The contractor Covid-shot requirement was blocked nationwide in December, and four federal appeals courts are now considering its legality. Contractors could still be required to enforce the mandate—unlike the Biden administration’s shot-or-test rule for large employers, which was withdrawn last week after the Supreme Court’s conservative majority shot it down.
Labor Department Moves
The DOL’s contractor watchdog, the Office of Federal Contract Compliance Programs, quickly heightened enforcement efforts after Director Jenny Yang took over on Inauguration Day. A flood of regulatory changes didn’t follow as practitioners were expecting.
In December, the agency said it created an online portal for certification of contractors’ affirmative action plans. Contractors were previously required to have such plans, but the agency never confirmed their existence, unless a company was audited.
“The portal, actually, is a great idea,” said Patricia Shiu, who led the office during the Obama administration. “As a procedural matter, it will really enhance the agency’s ability to collect” affirmative action plans.
The plans track companies’ recruitment efforts and employment data relative to women, racial minorities, veterans, and workers with disabilities. Companies will now need to attest that they’ve updated them annually.
On the litigation front, the agency has been more quiet than observers expected. But shortly after Biden took office, management attorneys noticed the agency intensifying its enforcement, which could yield litigation in the future.
Connell, the Orrick attorney, said that momentum has continued. “Audits are heating up more—we’re definitely seeing that,” she added.
The agency filed its first, and thus far only, lawsuit of the Biden era against a subsidiary of ABM Industries Inc. in September, alleging the facility management company discriminated against Black and White applicants for janitorial positions, giving preference to Hispanic individuals.
The Trump administration was far less active with enforcement litigation than its predecessor, suing federal contractors just three times.
Future Developments
The contractor compliance office will be a labor agency to watch in 2022, observers said, particularly once Democrats seize a majority on the U.S. Equal Employment Opportunity Commission. That will enable the workplace anti-discrimination agencies to collaborate more freely, several observers said.

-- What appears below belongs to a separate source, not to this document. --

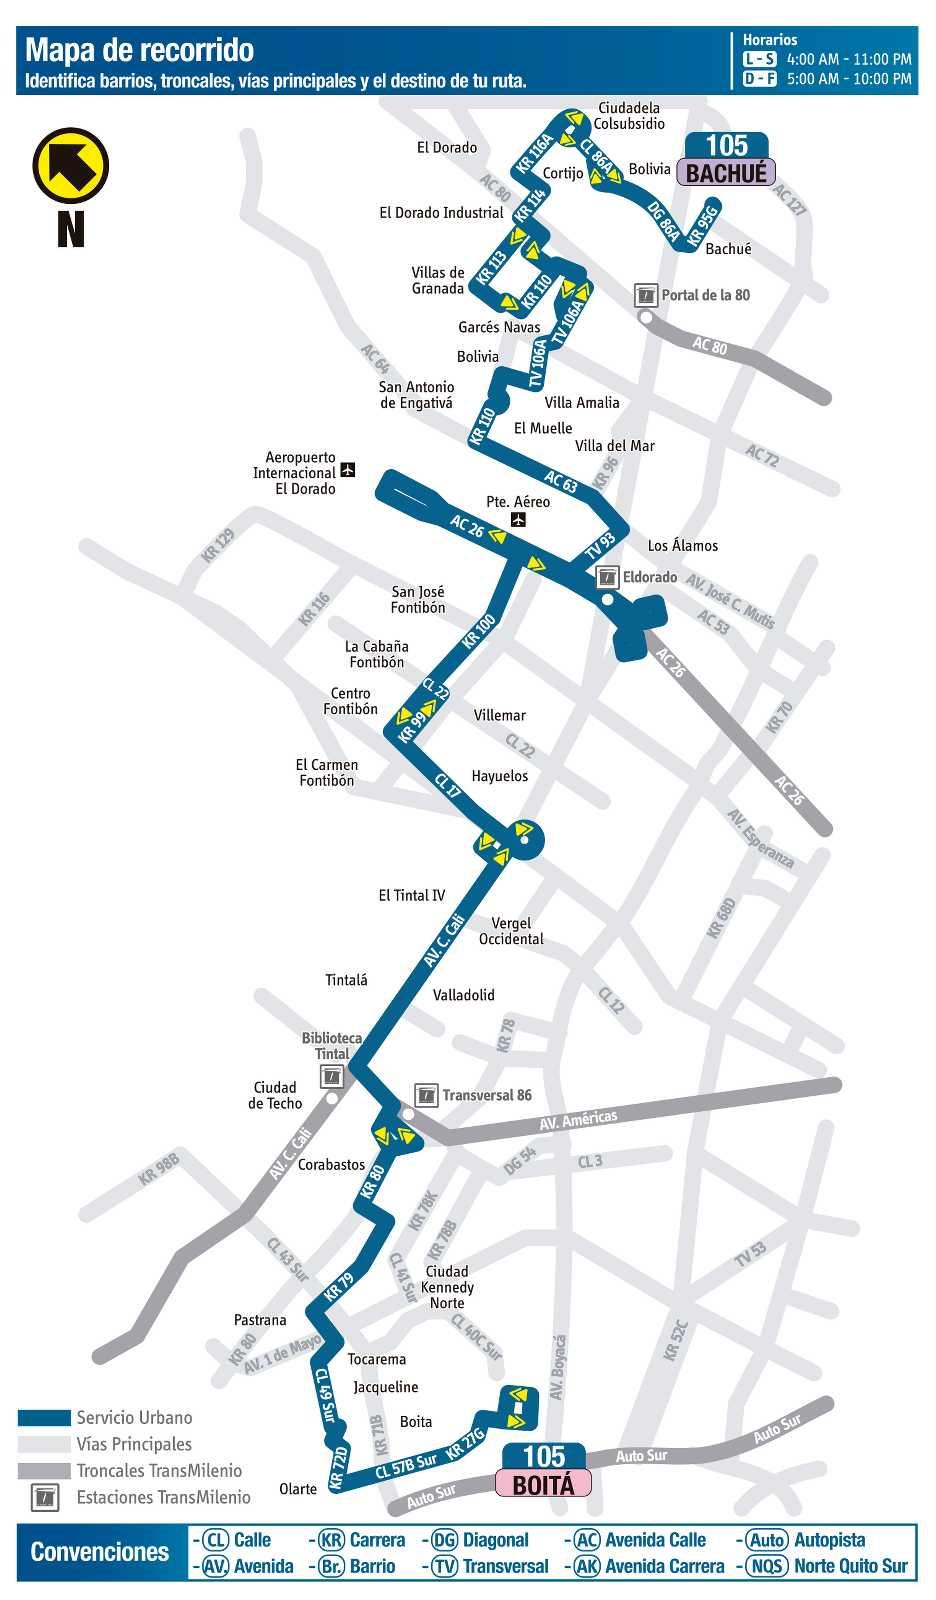 Ruta SITP: 105 Boitá - Bachué (mapa)

“This fall, I think we’re going to see some action,” Connell said.
Yang, the OFCCP director, formerly chaired the EEOC and has worked with current Chair Charlotte Burrows (D). The two already unveiled a joint initiative focused on diversity and inclusion in hiring. More substantive policy actions by the EEOC will require a vote by the commission, which Republicans control 3-2. GOP commissioner Janet Dhillon’s term expires in July, giving Biden a chance to nominate a replacement.
In hiring, government contractors are now barred from asking about a job applicant’s criminal background before a conditional job offer has been extended. That new law, part of defense legislation Donald Trump signed as president, took effect Dec. 20. Employers are awaiting a proposed rule to implement the law, hoping it provides direction on how to comply and what kinds of jobs might be exempt.
Pay equity changes may also be afoot. During Yang’s time at the EEOC under then-President Barack Obama and, briefly, under Trump, she piloted a collection of worker pay data that occurred only once due to protracted litigation. She’s highlighted pay equity as a key priority for her agency.
“We’ve been expecting all along that Jenny Yang, running OFCCP, is going to move towards contractors reporting compensation data, similar to what she put through at the EEOC,” said Marc Freedman, vice president of employment policy for the U.S. Chamber of Commerce.
Contracts stemming from the new infrastructure law (
Connell said the office’s general focus may branch out beyond pay equity, to look at racial and gender equity more broadly in compliance audits, as women and people of color have been disproportionately affected by the pandemic’s economic fallout.
“Its not just tackling concerns about pay equity, but about gender equity more broadly in terms of jobs that women hold,” she said.